Task to complete: Write every line below out again, exactly as given, but leave out the pictures.

*** Source material Section Begins ***

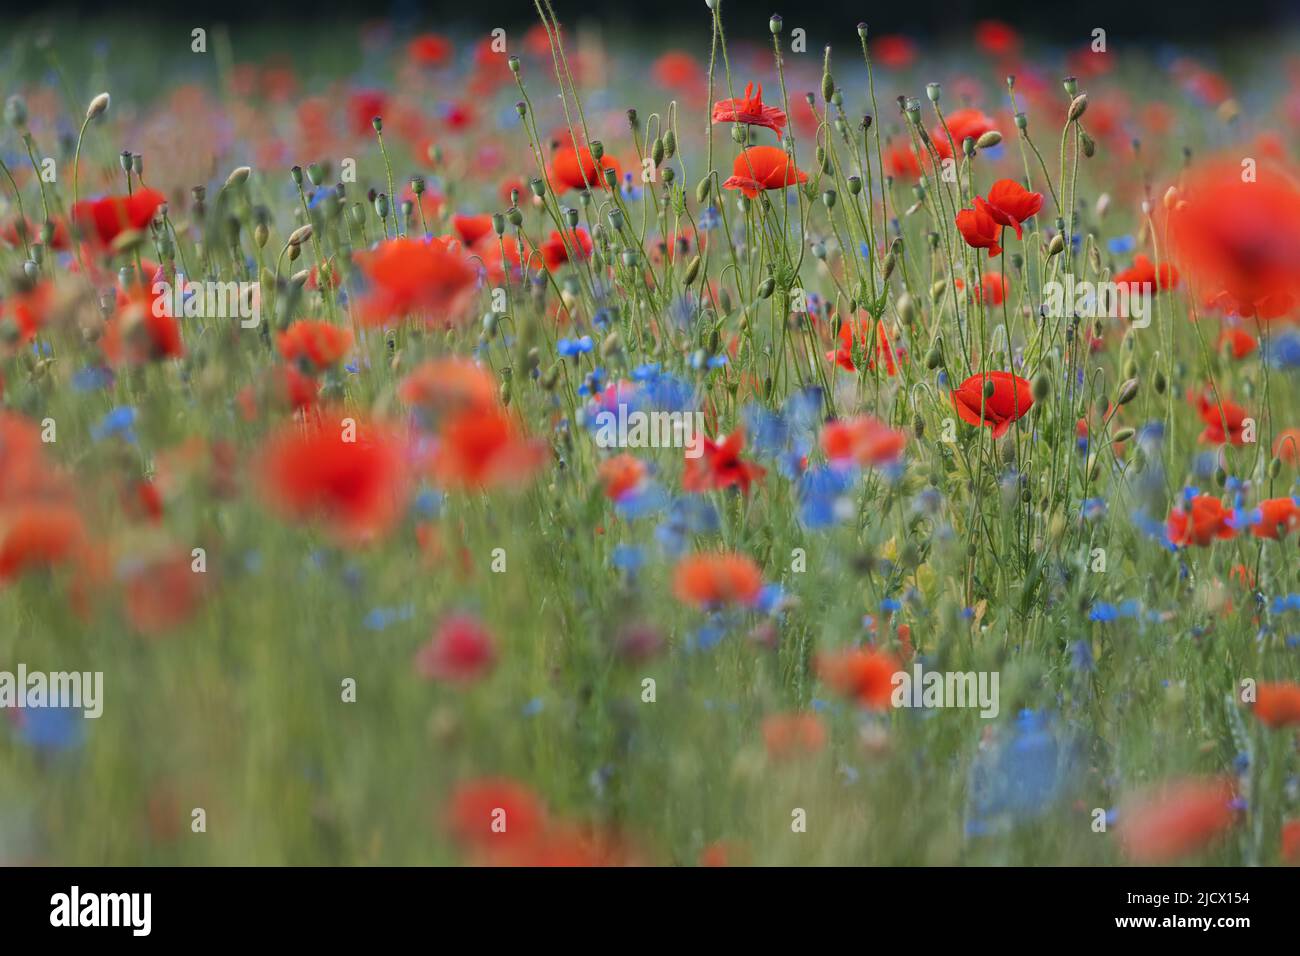 red poppies and blue cornflowers Stock Photo
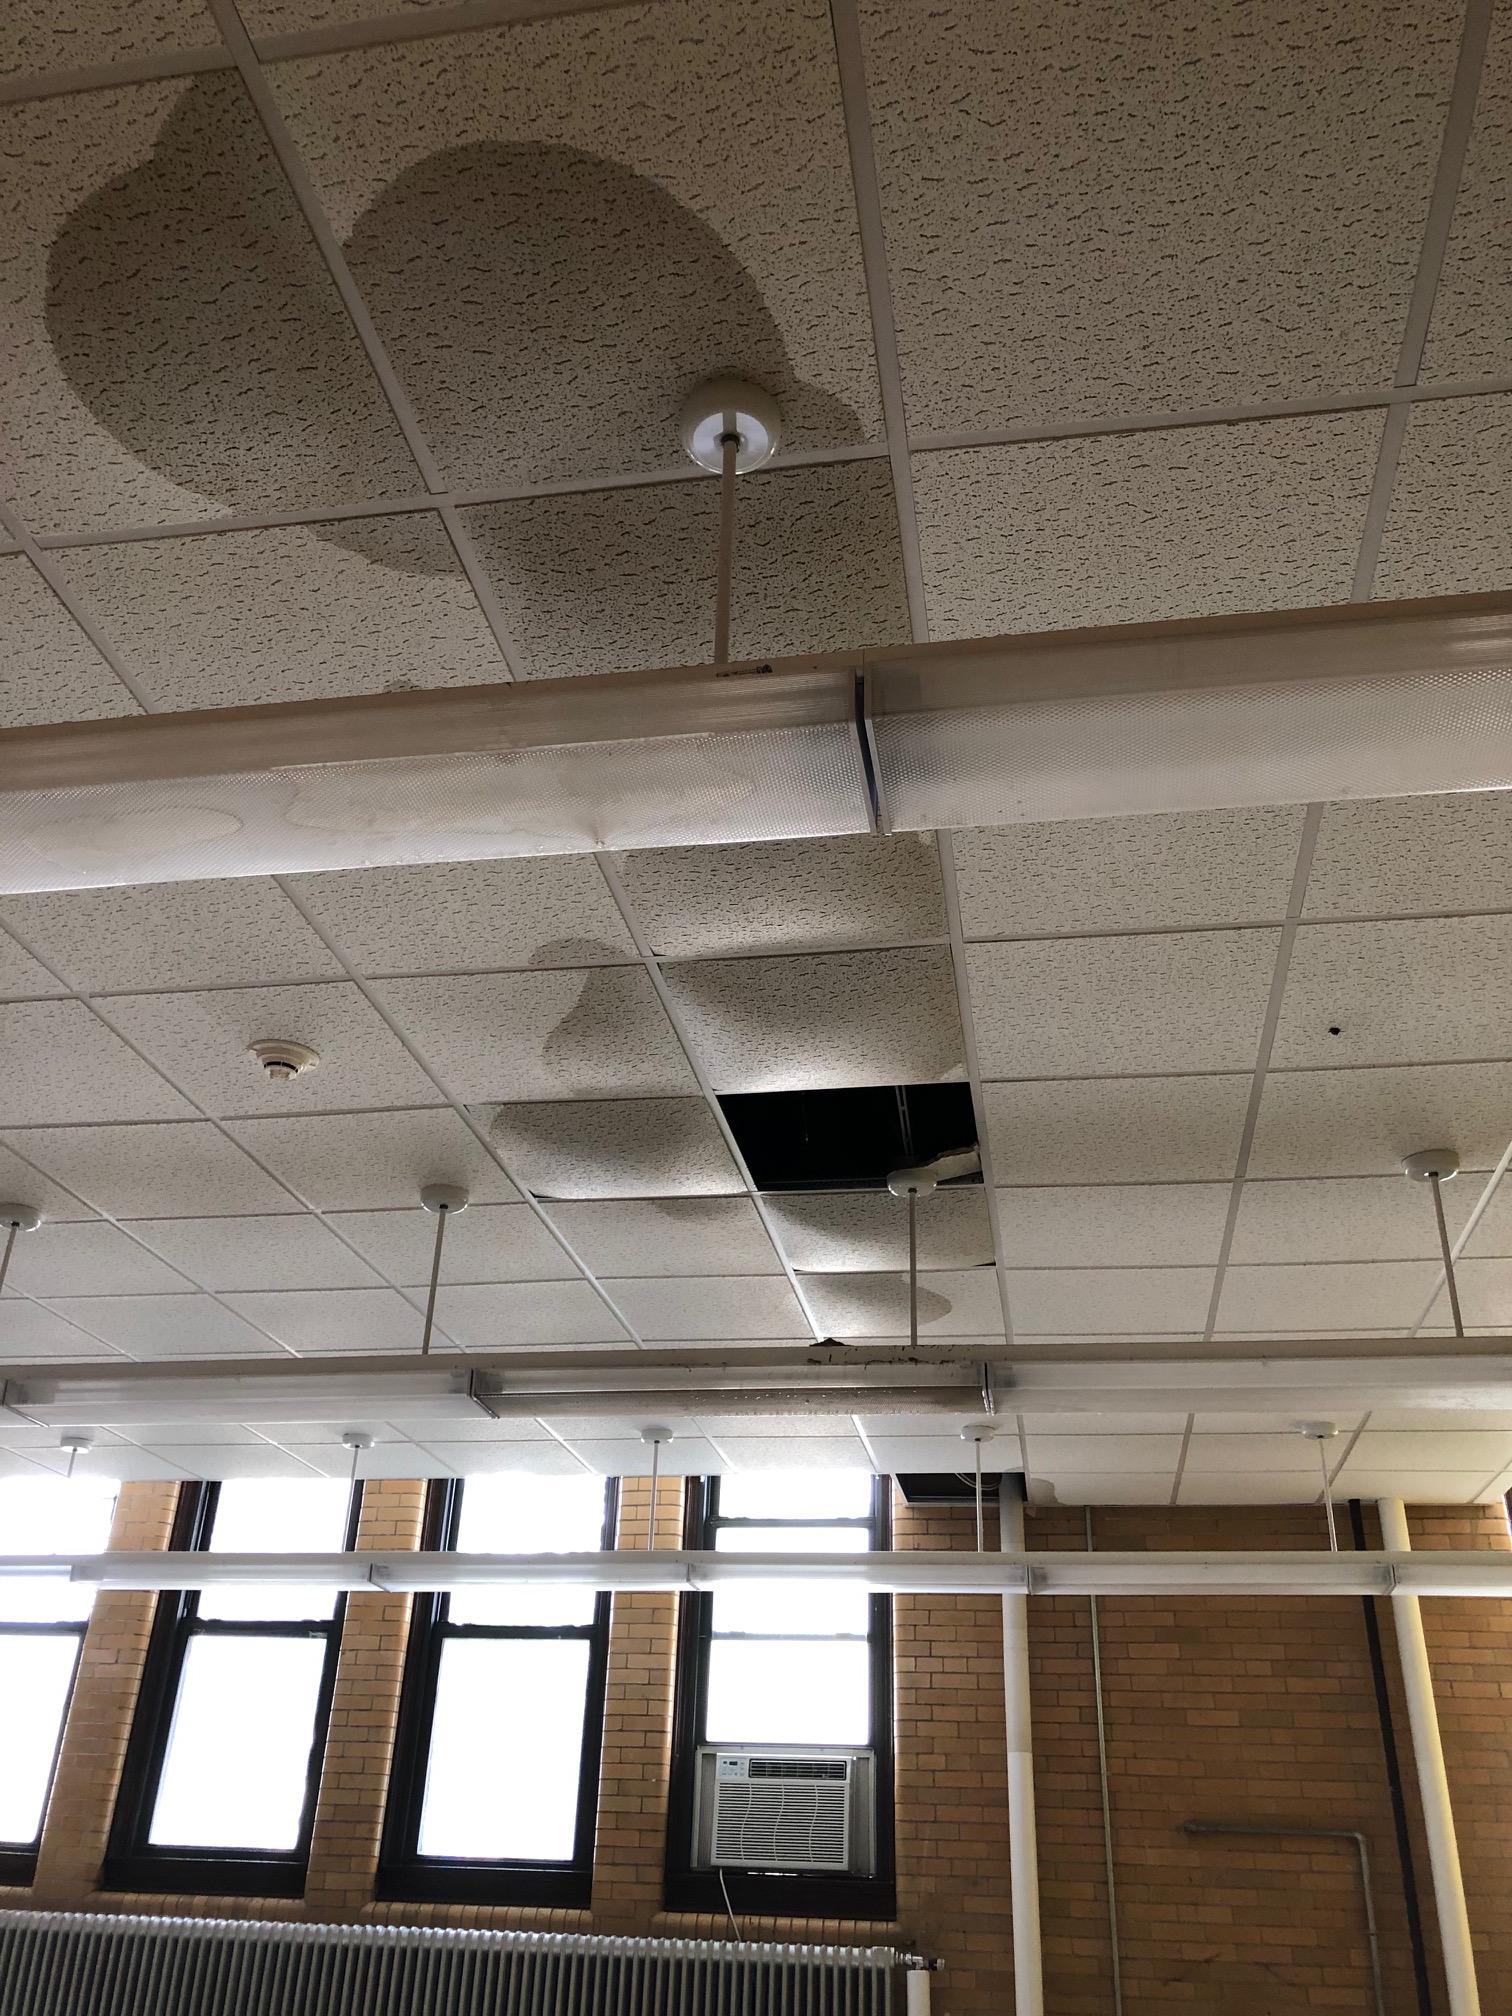 Water loss from the second floor creates a soaked ceiling on the first floor.
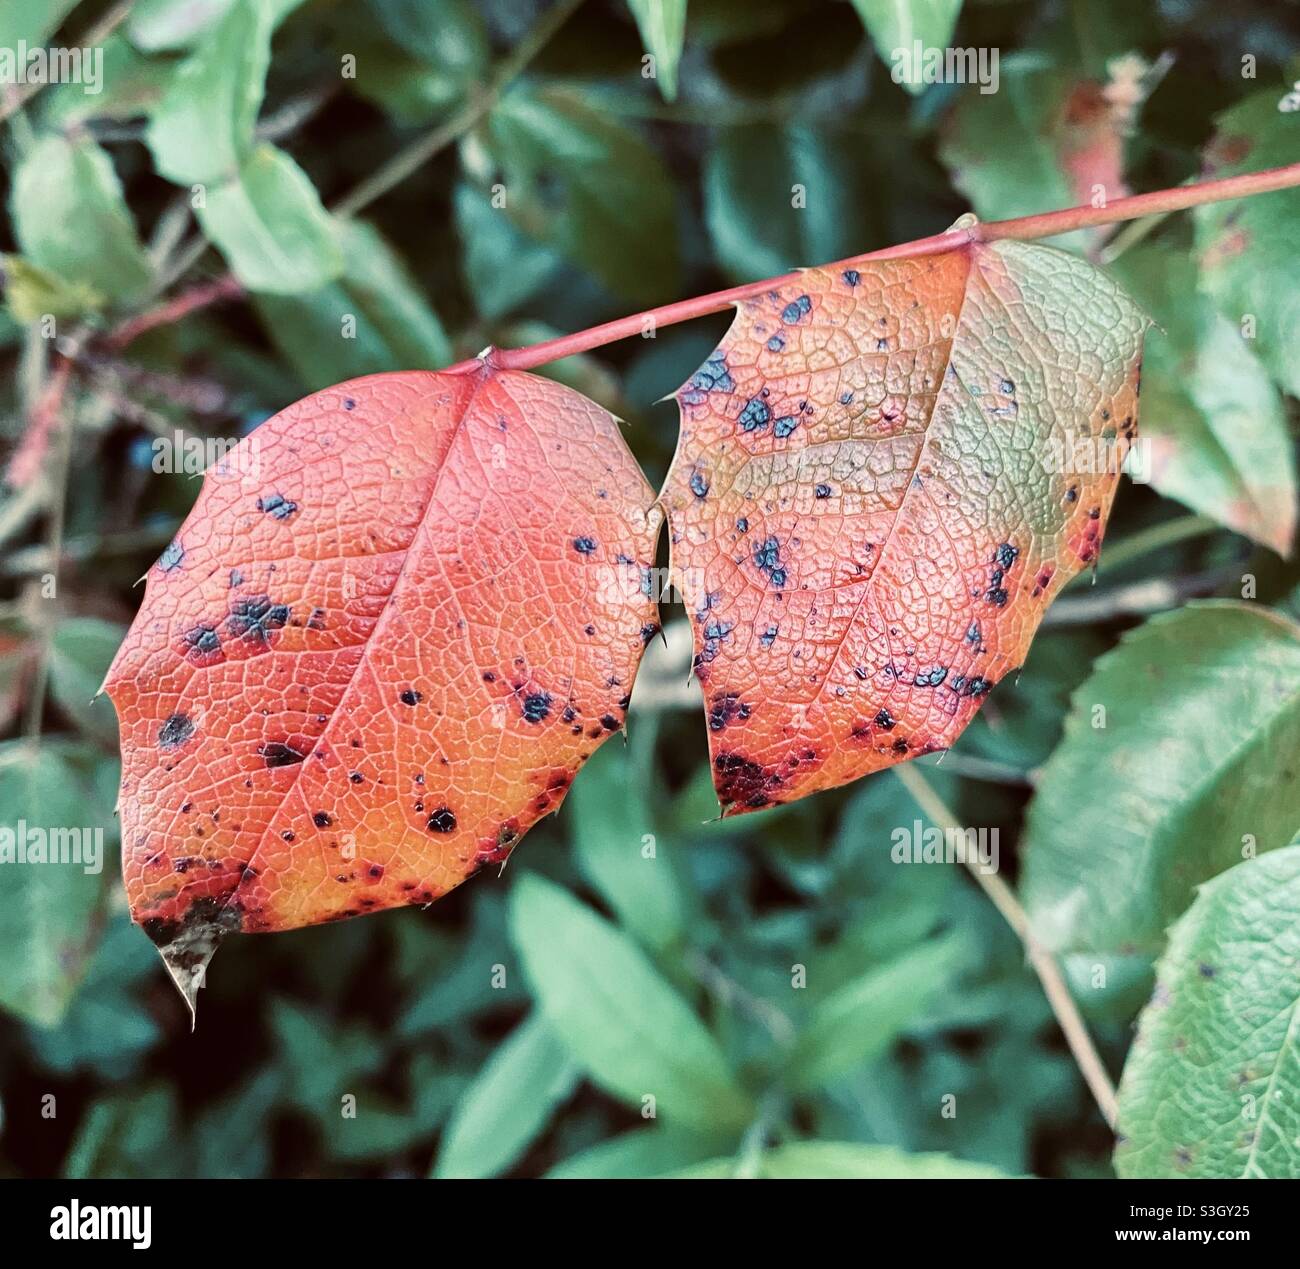 Vivid red leaves in the garden nature photography Stock Photo

*** Source material Section Ends ***

Your solution:
 red poppies and blue cornflowers Stock Photo
 Water loss from the second floor creates a soaked ceiling on the first floor.
 Vivid red leaves in the garden nature photography Stock Photo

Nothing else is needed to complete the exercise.